Data excerpts.
>>>>

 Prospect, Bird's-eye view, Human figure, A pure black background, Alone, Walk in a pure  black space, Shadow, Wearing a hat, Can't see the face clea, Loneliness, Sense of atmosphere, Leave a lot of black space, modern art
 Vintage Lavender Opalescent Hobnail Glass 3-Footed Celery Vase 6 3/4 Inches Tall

<<<<
>>>>

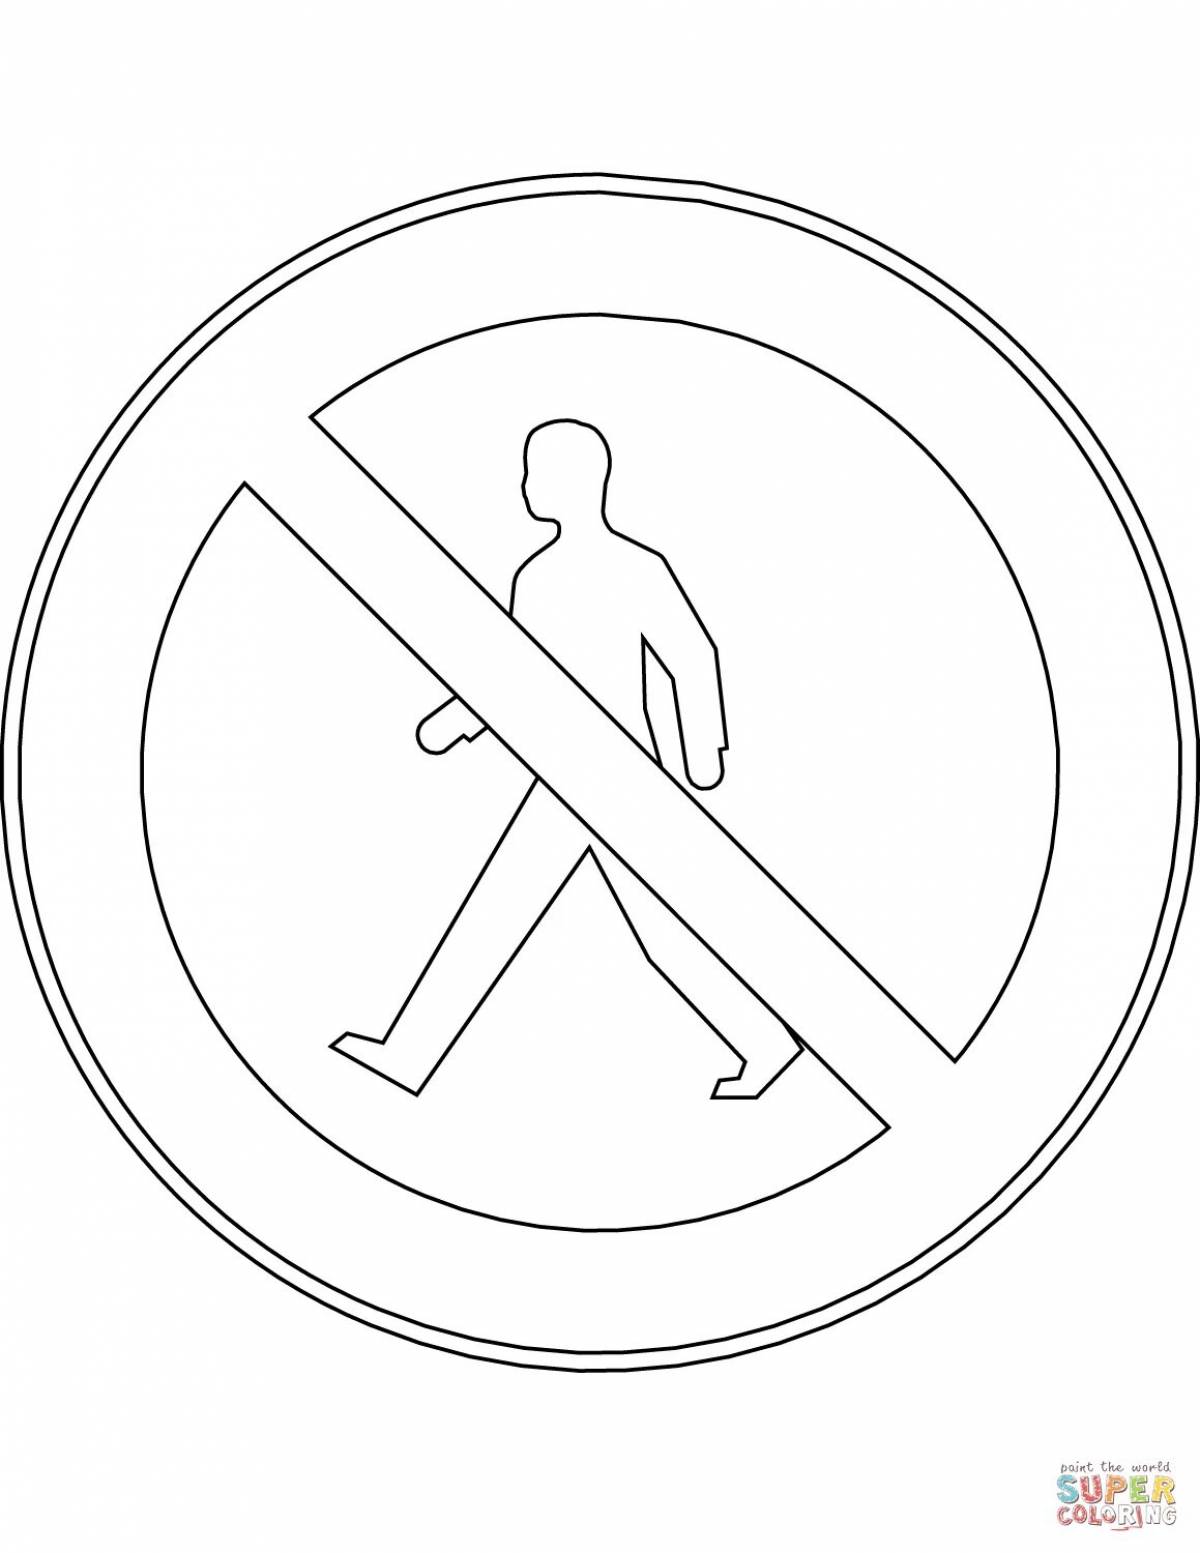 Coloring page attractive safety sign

<<<<

Your goal.
Above are the records; from them, give again exactly the lines from the one containing "Prospect, Bird's-eye view, Human" through the one containing "Vintage Lavender Opalescent", both included.

Exercise response.
 Prospect, Bird's-eye view, Human figure, A pure black background, Alone, Walk in a pure  black space, Shadow, Wearing a hat, Can't see the face clea, Loneliness, Sense of atmosphere, Leave a lot of black space, modern art
 Vintage Lavender Opalescent Hobnail Glass 3-Footed Celery Vase 6 3/4 Inches Tall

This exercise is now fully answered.